Exercise brief
Without any of the pictures, set down the data below exactly.

--- Data records Enclosed Below ---

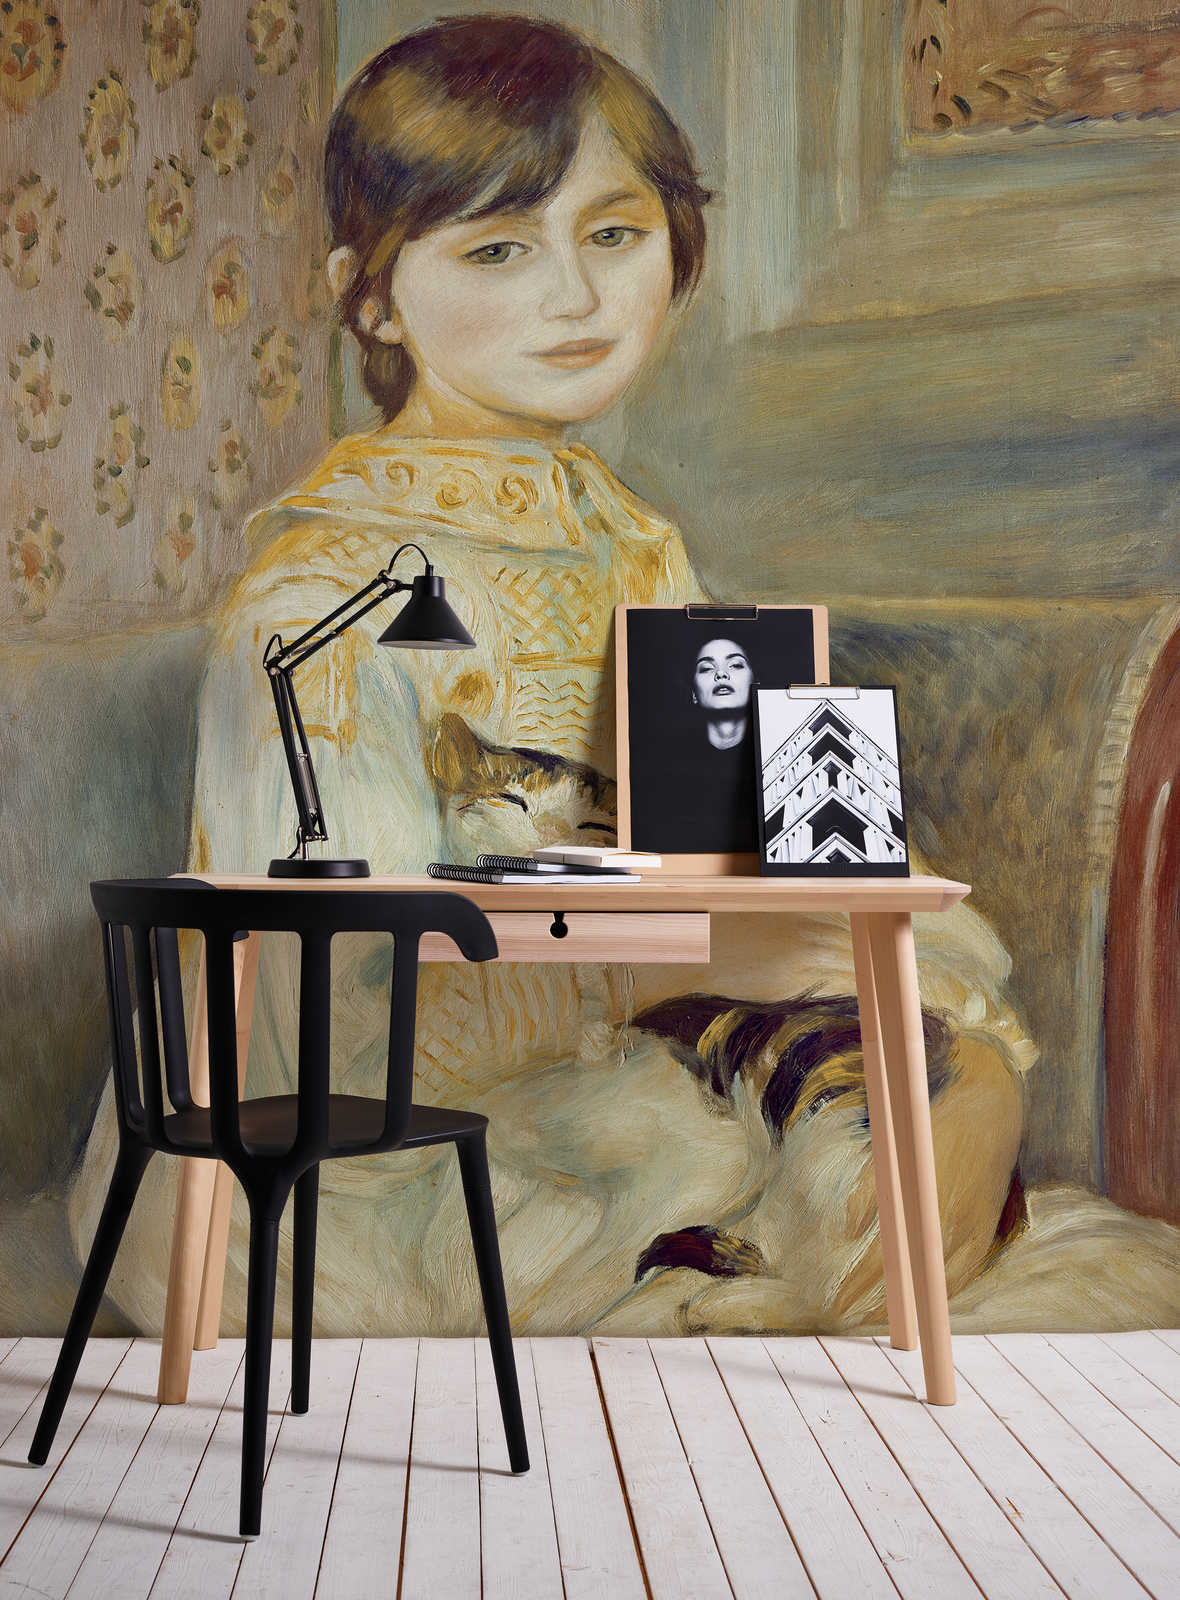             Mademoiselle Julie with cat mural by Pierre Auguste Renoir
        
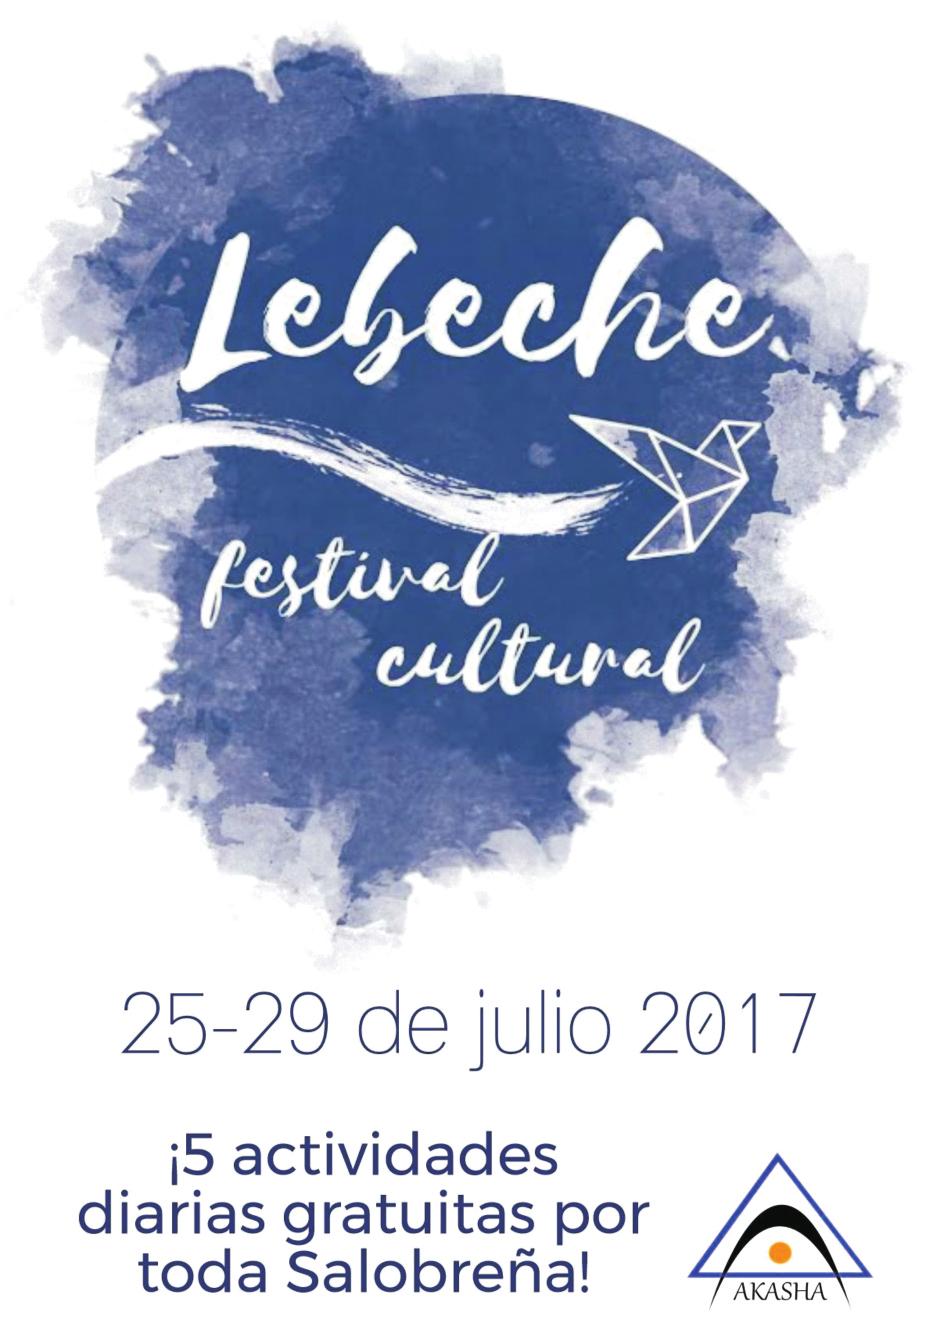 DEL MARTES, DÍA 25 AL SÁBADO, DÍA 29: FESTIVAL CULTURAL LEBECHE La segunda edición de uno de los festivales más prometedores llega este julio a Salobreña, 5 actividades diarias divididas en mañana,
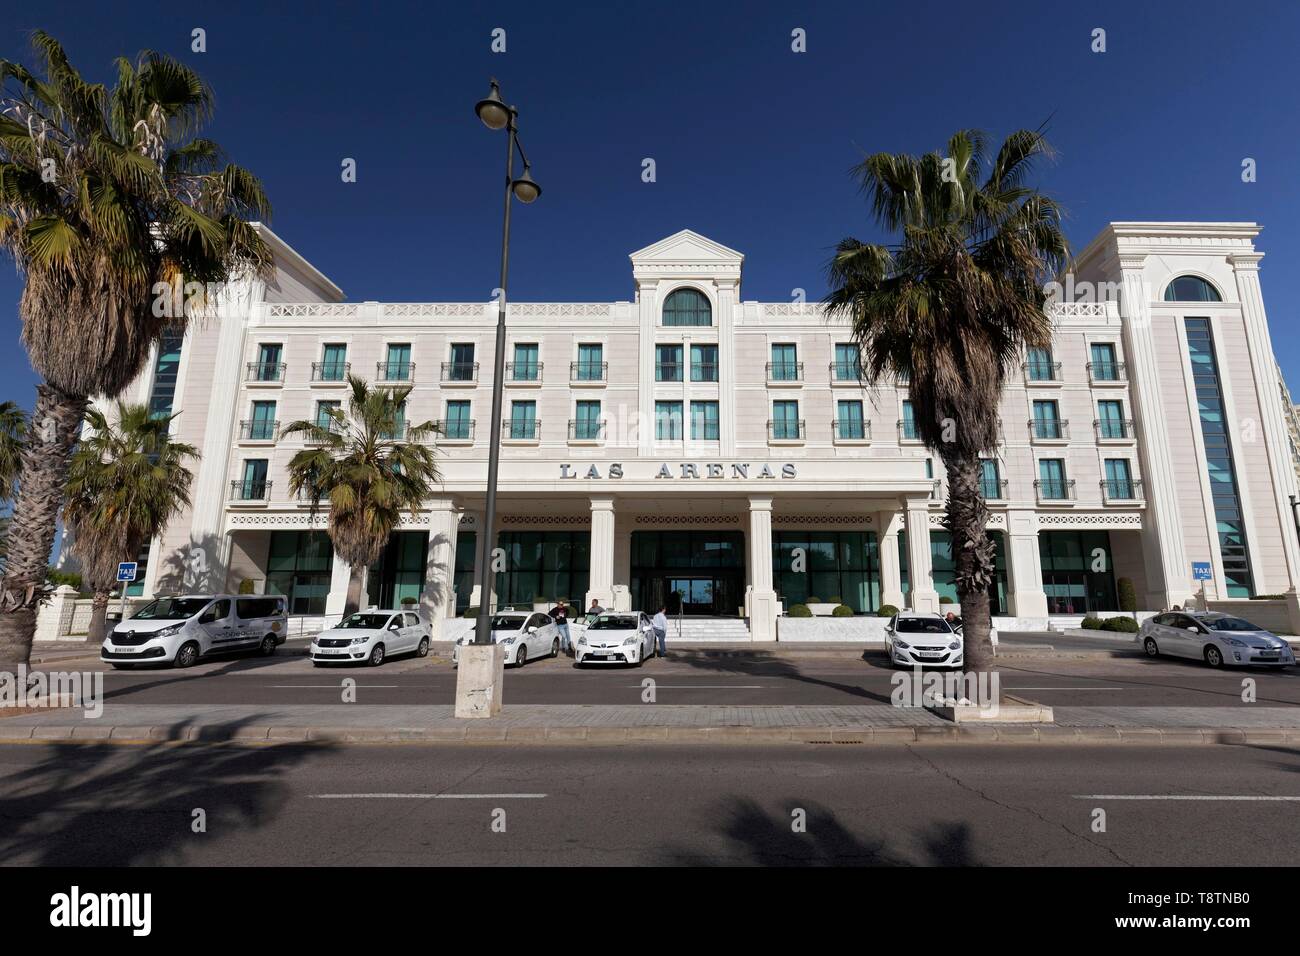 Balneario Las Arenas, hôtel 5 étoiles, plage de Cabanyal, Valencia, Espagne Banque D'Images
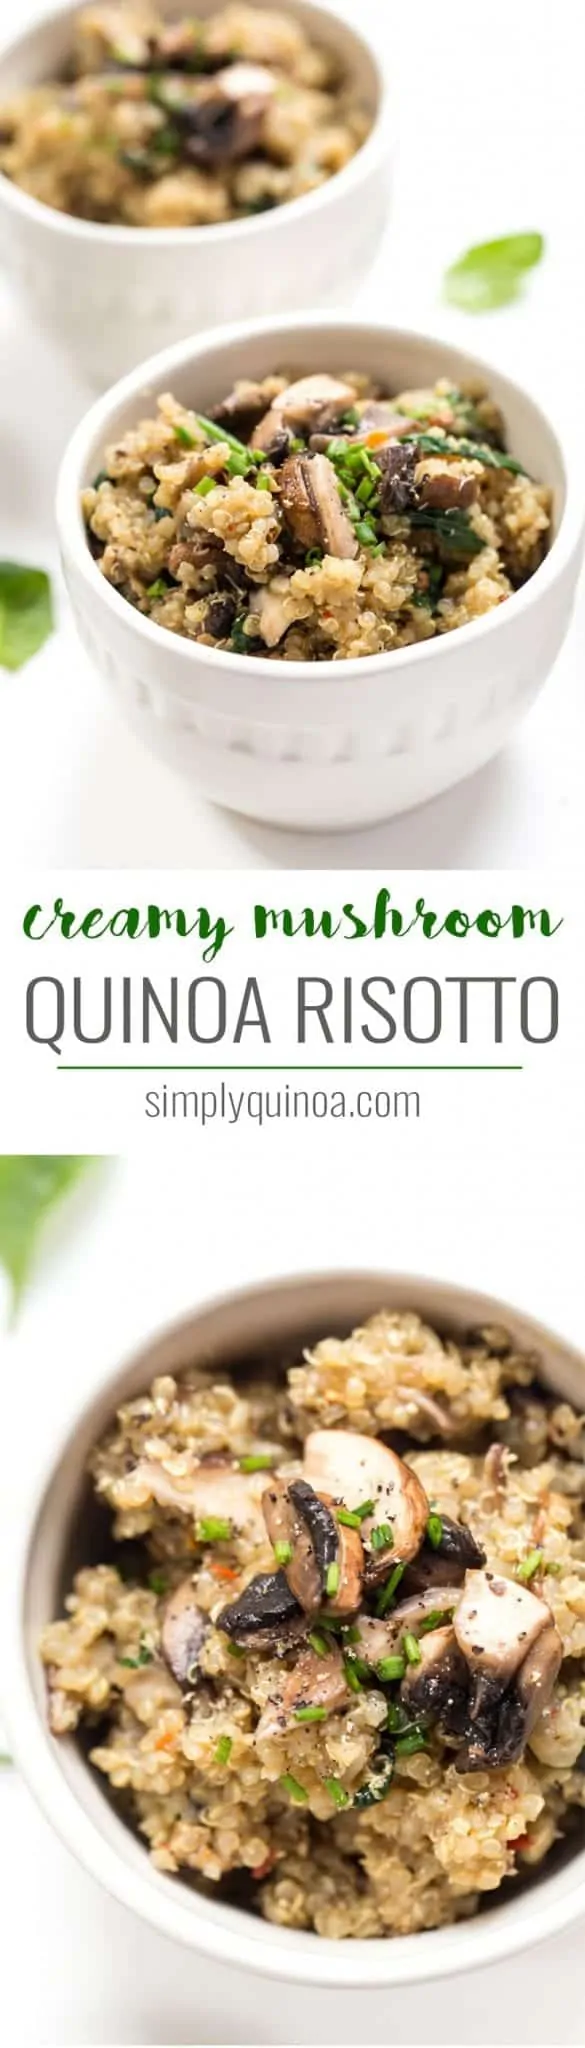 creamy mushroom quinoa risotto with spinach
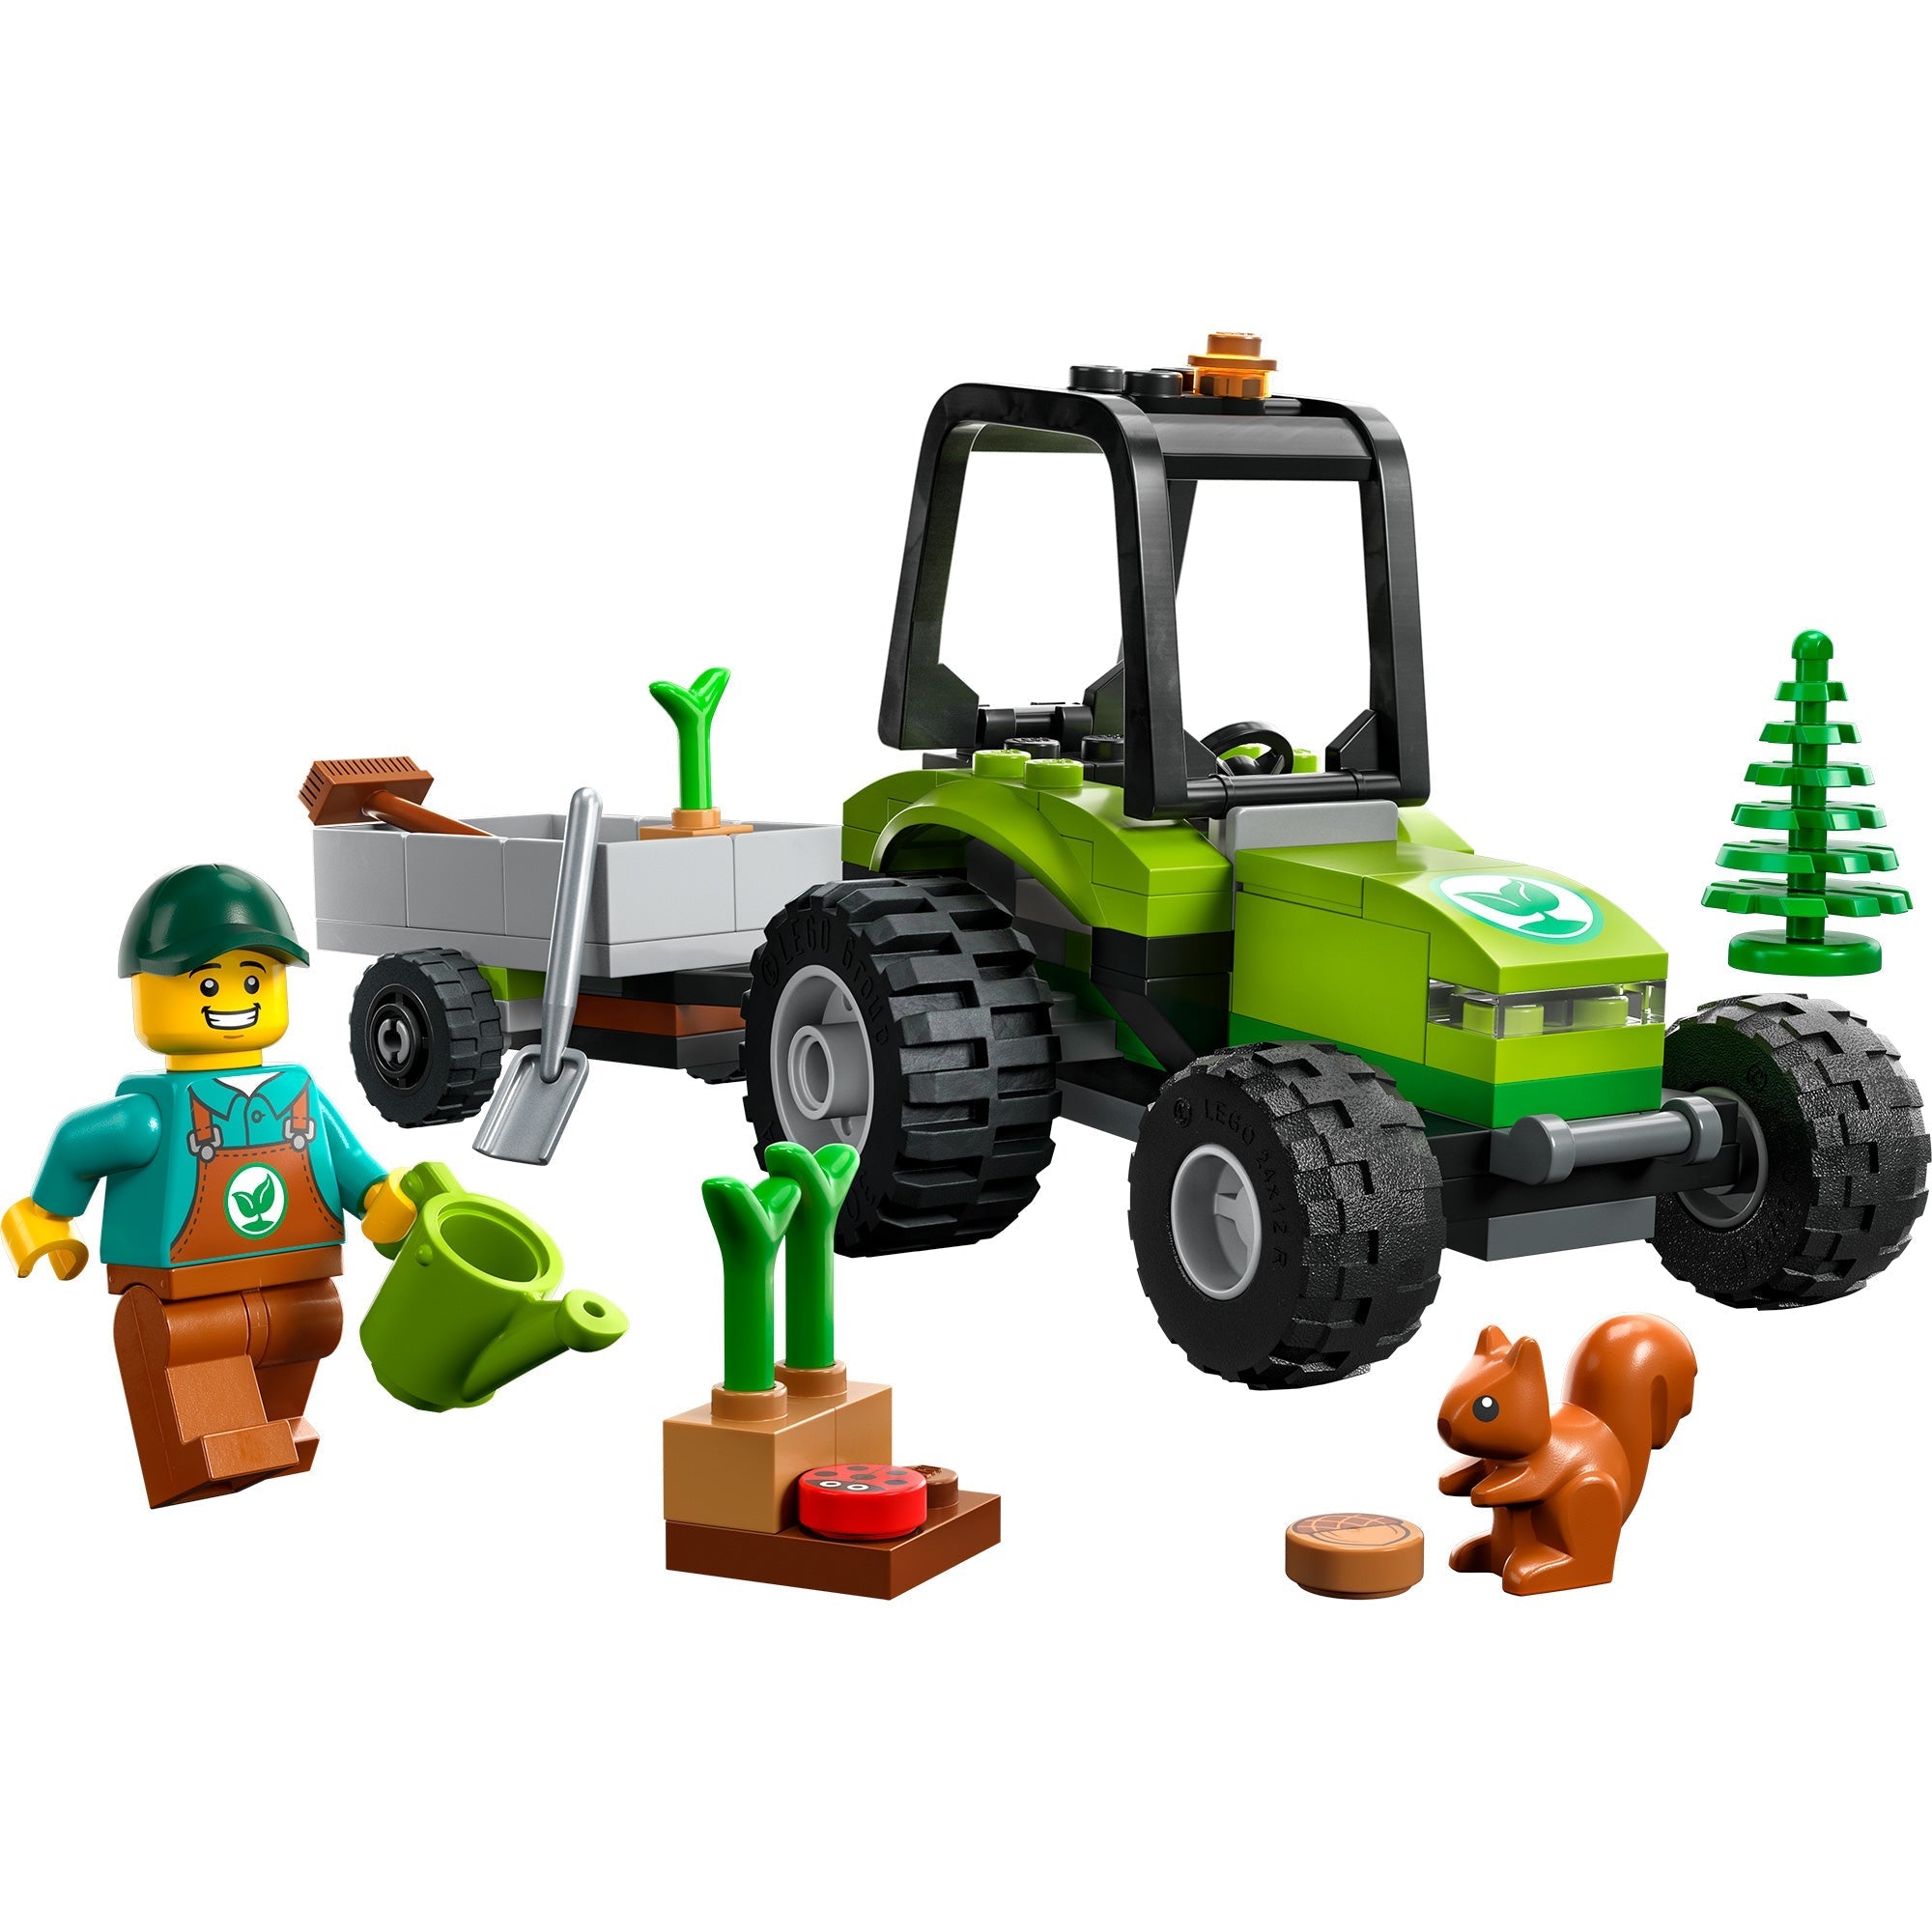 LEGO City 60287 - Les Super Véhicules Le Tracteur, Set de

--- End of Enclosed Data records ---

Answer to this problem
             Mademoiselle Julie with cat mural by Pierre Auguste Renoir
        
 DEL MARTES, DÍA 25 AL SÁBADO, DÍA 29: FESTIVAL CULTURAL LEBECHE La segunda edición de uno de los festivales más prometedores llega este julio a Salobreña, 5 actividades diarias divididas en mañana,
 Balneario Las Arenas, hôtel 5 étoiles, plage de Cabanyal, Valencia, Espagne Banque D'Images
 creamy mushroom quinoa risotto with spinach
 LEGO City 60287 - Les Super Véhicules Le Tracteur, Set de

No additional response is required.